(Citation: Barusch, Amanda S. (2009) ‘From the Editor: Is There Room for the Self in Research?’, Journal of Gerontological Social Work, 52: 7, 651 — 652.)
Social work practitioners are well-versed in the effective use of self. Critical self-reflection is a key skill. Yet in research the self seems to get in the way. This sets up a peculiar dissonance – one that reinforces the pernicious gap between research and practice.
In a traditional, positivist paradigm the self is not seen as an asset or a tool, but as a source of error or bias. In pursuit of objectivity, we seek to minimize intrusion from the self through ritualized data collection procedures and rigorous criteria for hypothesis testing. We teach staff on our research projects to differentiate between clinical assessment and research interviews, reminding them that they are there to observe, but not to change the respondent’s situation.

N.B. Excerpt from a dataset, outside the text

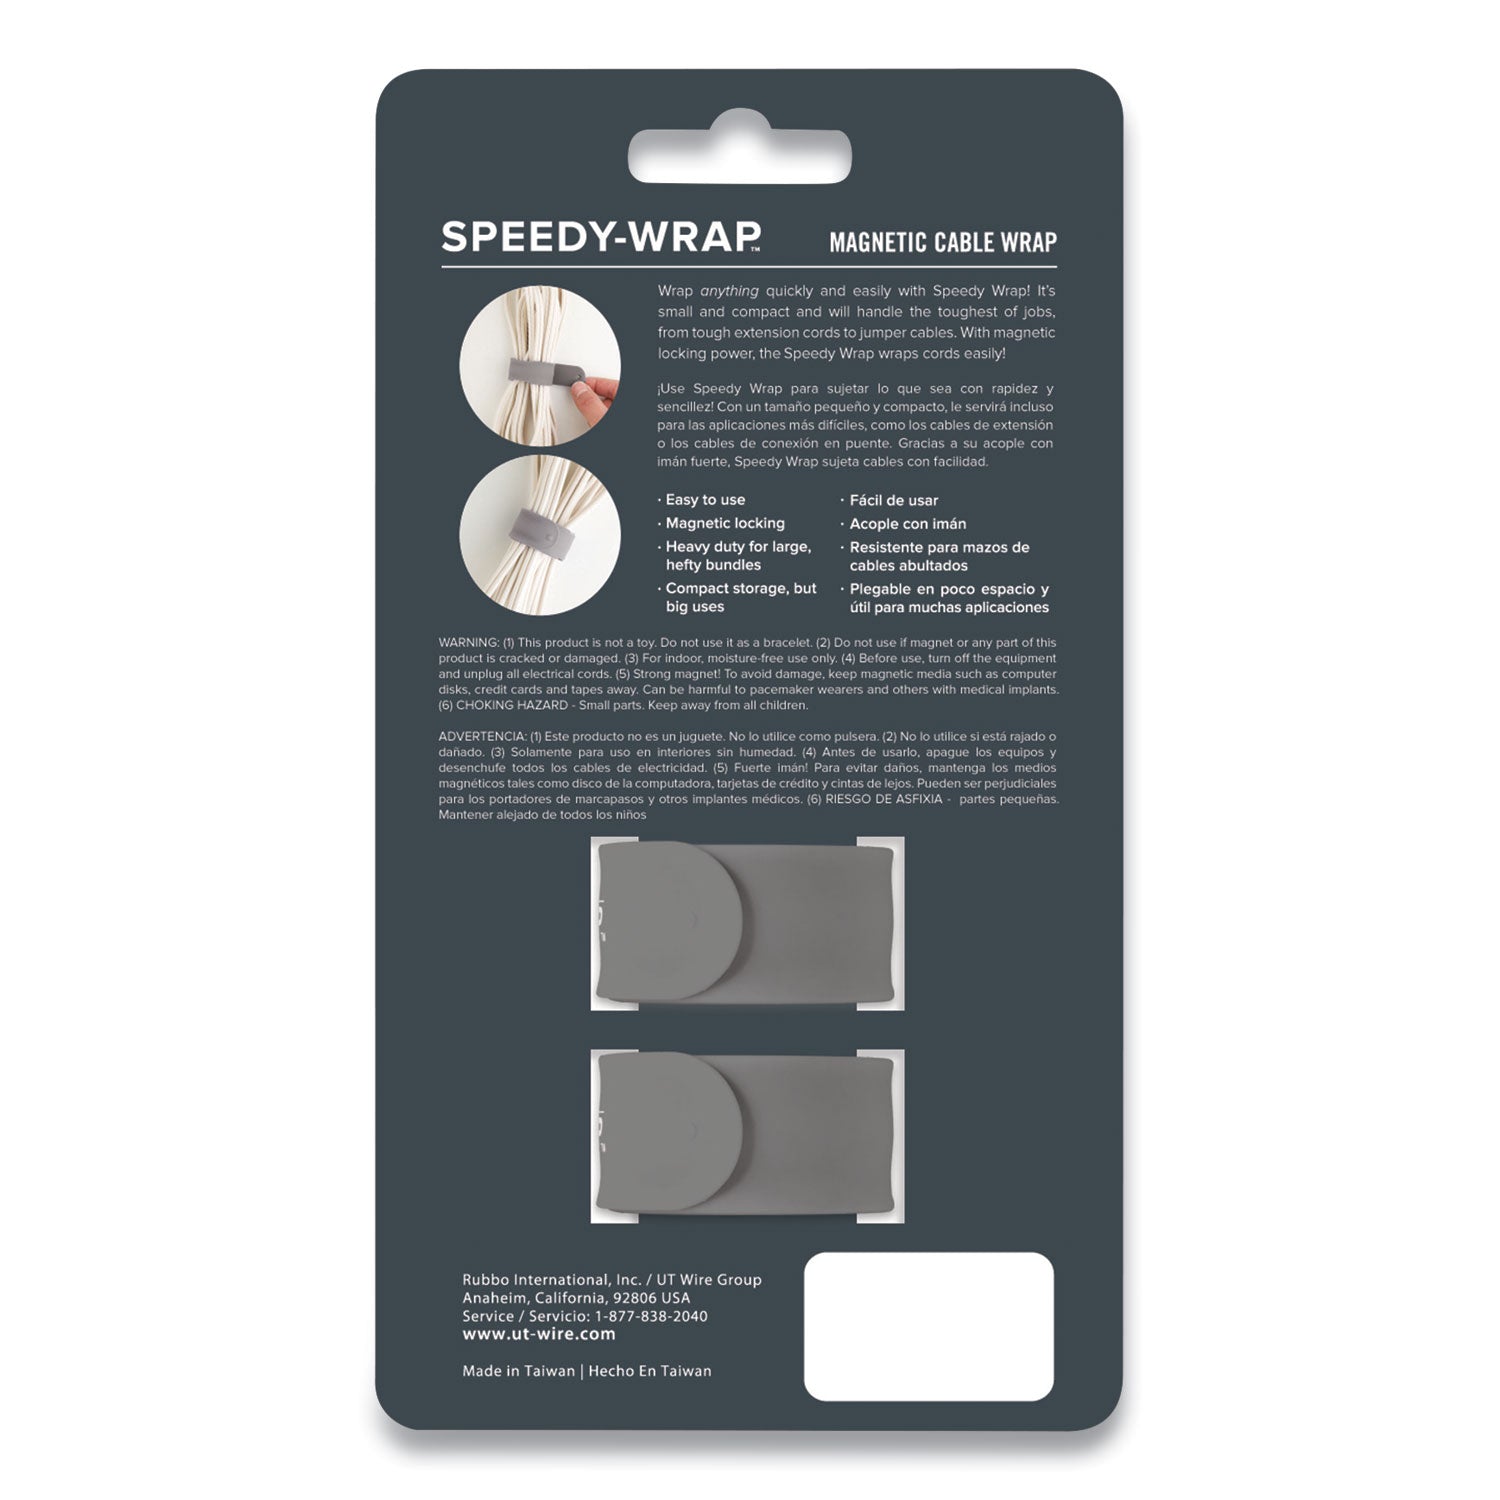 speedy-wrap-magnetic-cable-wrap-082-x-10-gray-2-pack_rboutwswm2gy - 2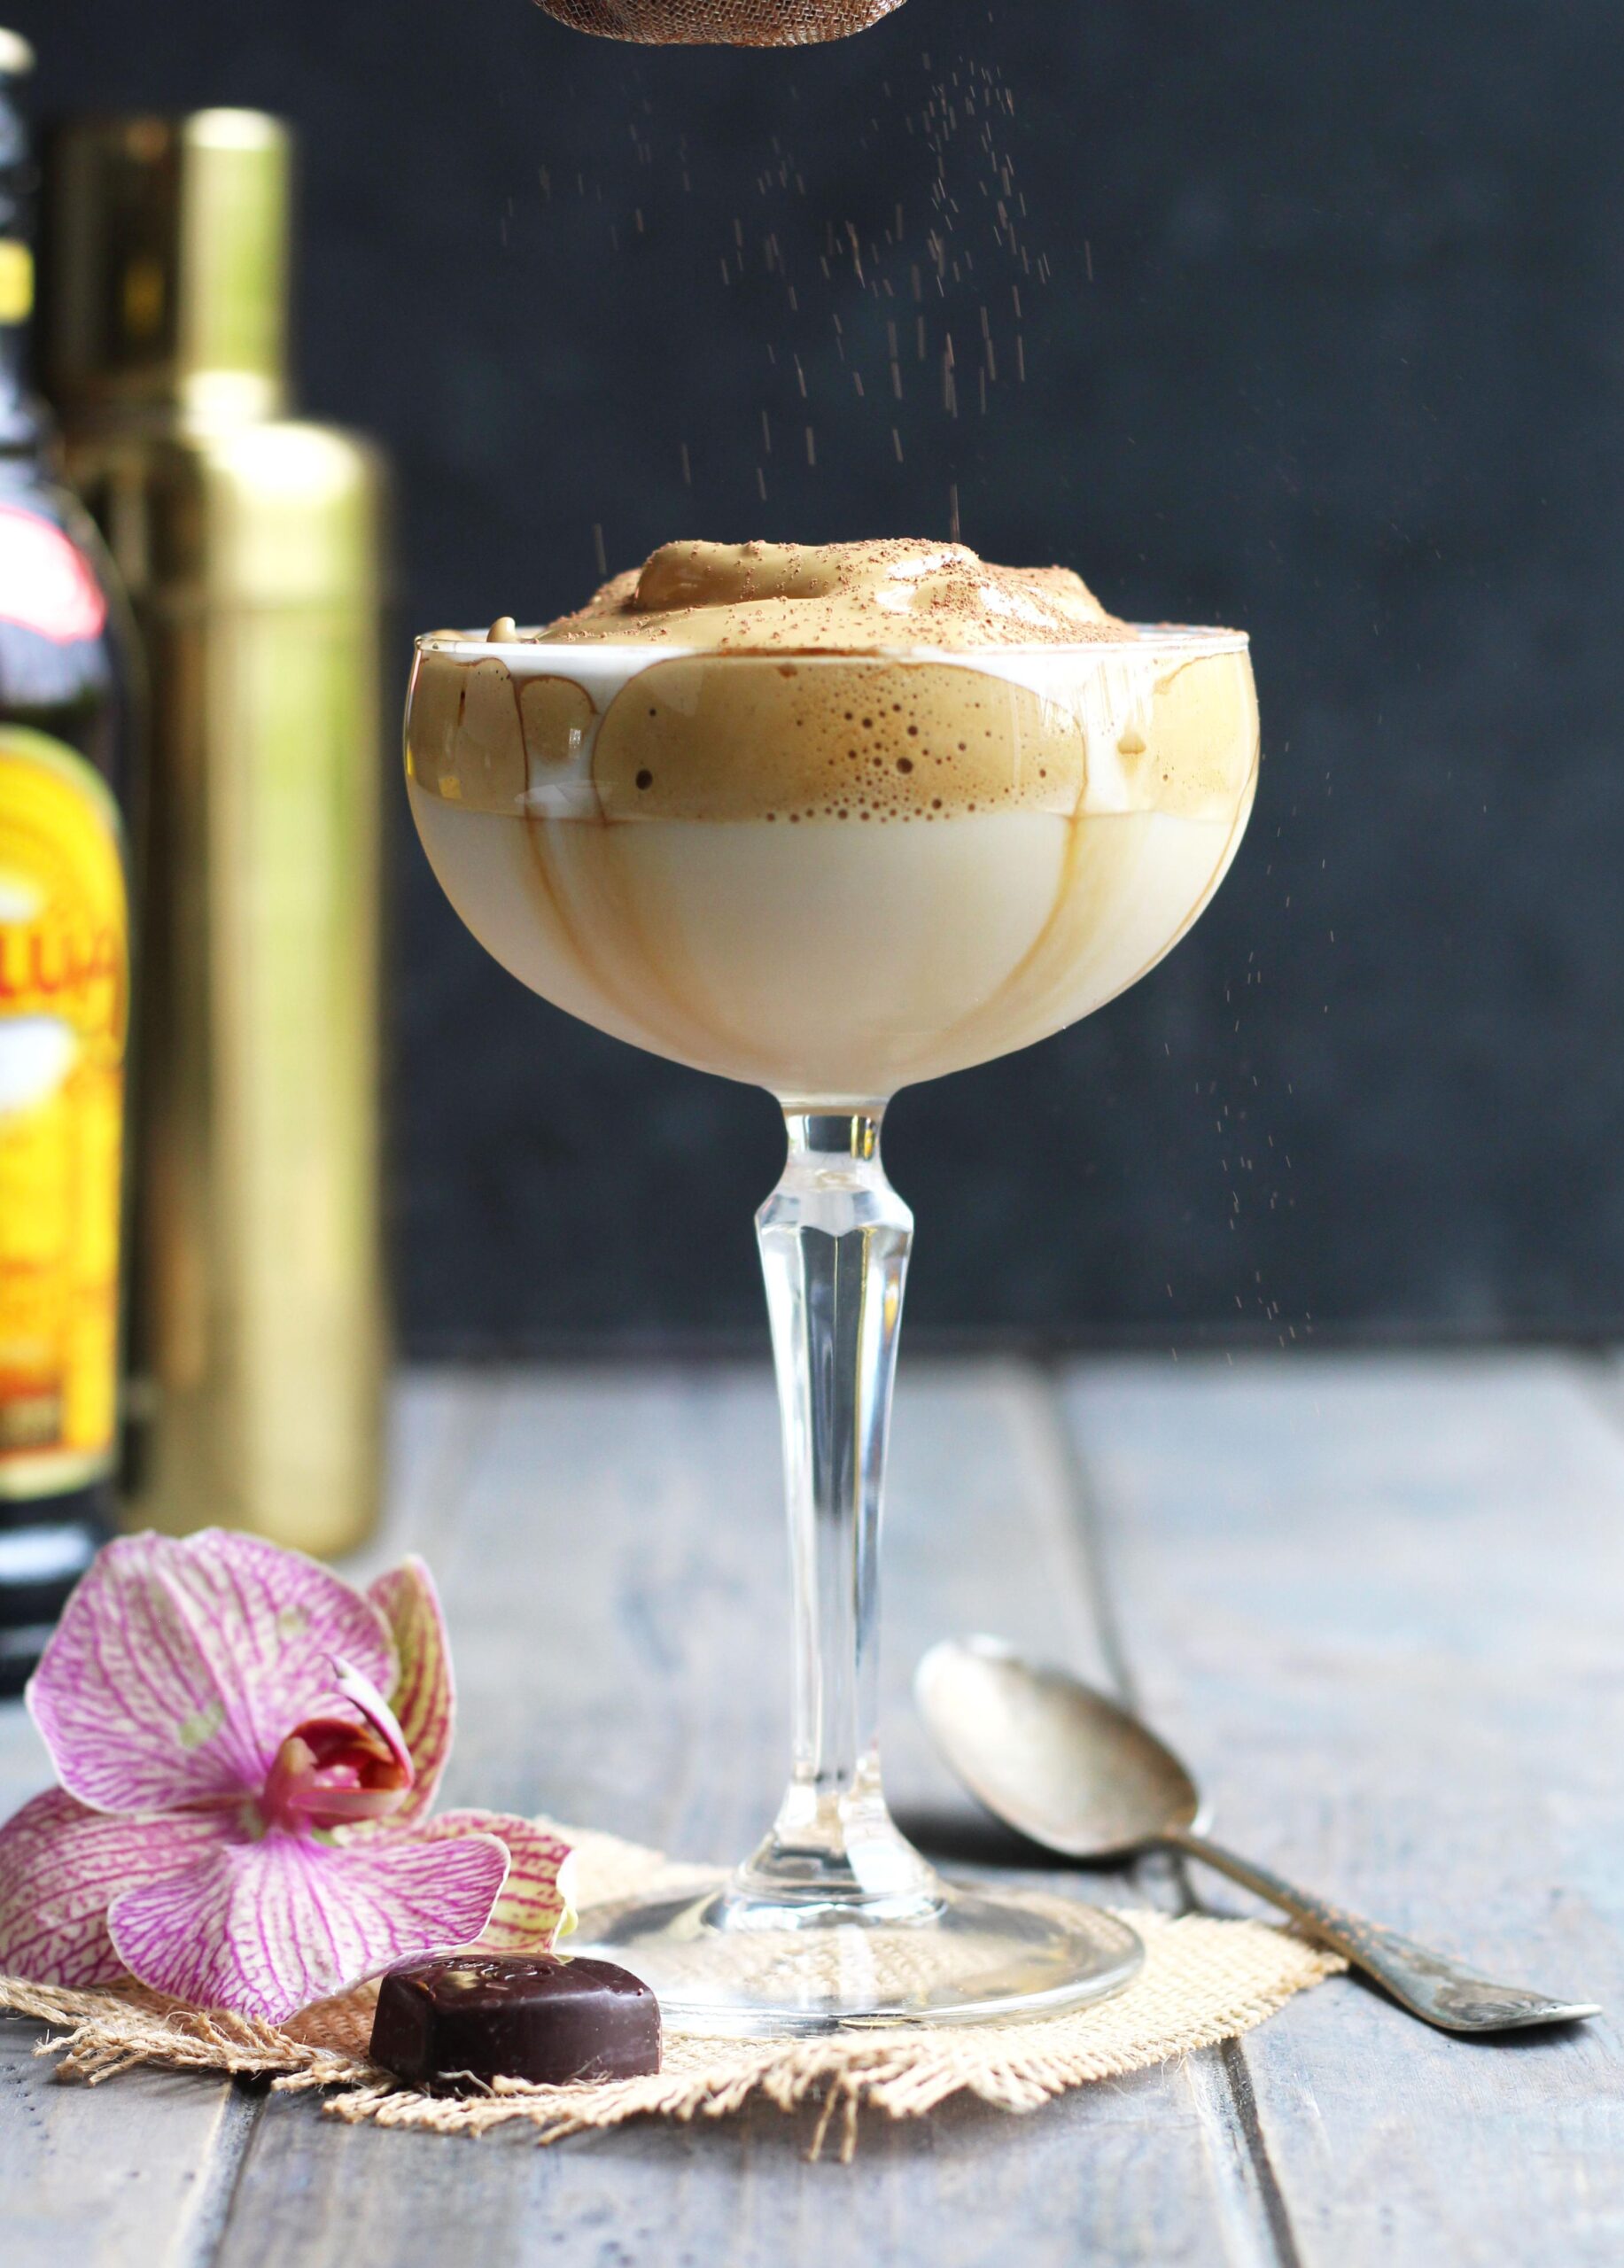  Sip in style with our whipped coffee martini!

This presents a difficult dilemma, especially when our interviewers are social work students. I experienced this during a pilot study of older adults coping with depression. Social work students that I hired as interviewers encountered people living in unbearable circumstances, some of them asking quite directly for help. Carefully drawn-out research plans collided head-on with our professional mandate to alleviate suffering. I could not advise my students to remember their research training, collect their data, and walk away “like a thief in the night.” (Kieger, 1991) Instead, we devised an approach that allowed first for completion of the standardized instruments, then for a direct conversation about what hurt and what resources might be available to help. I imagine other researchers have worked through similar processes.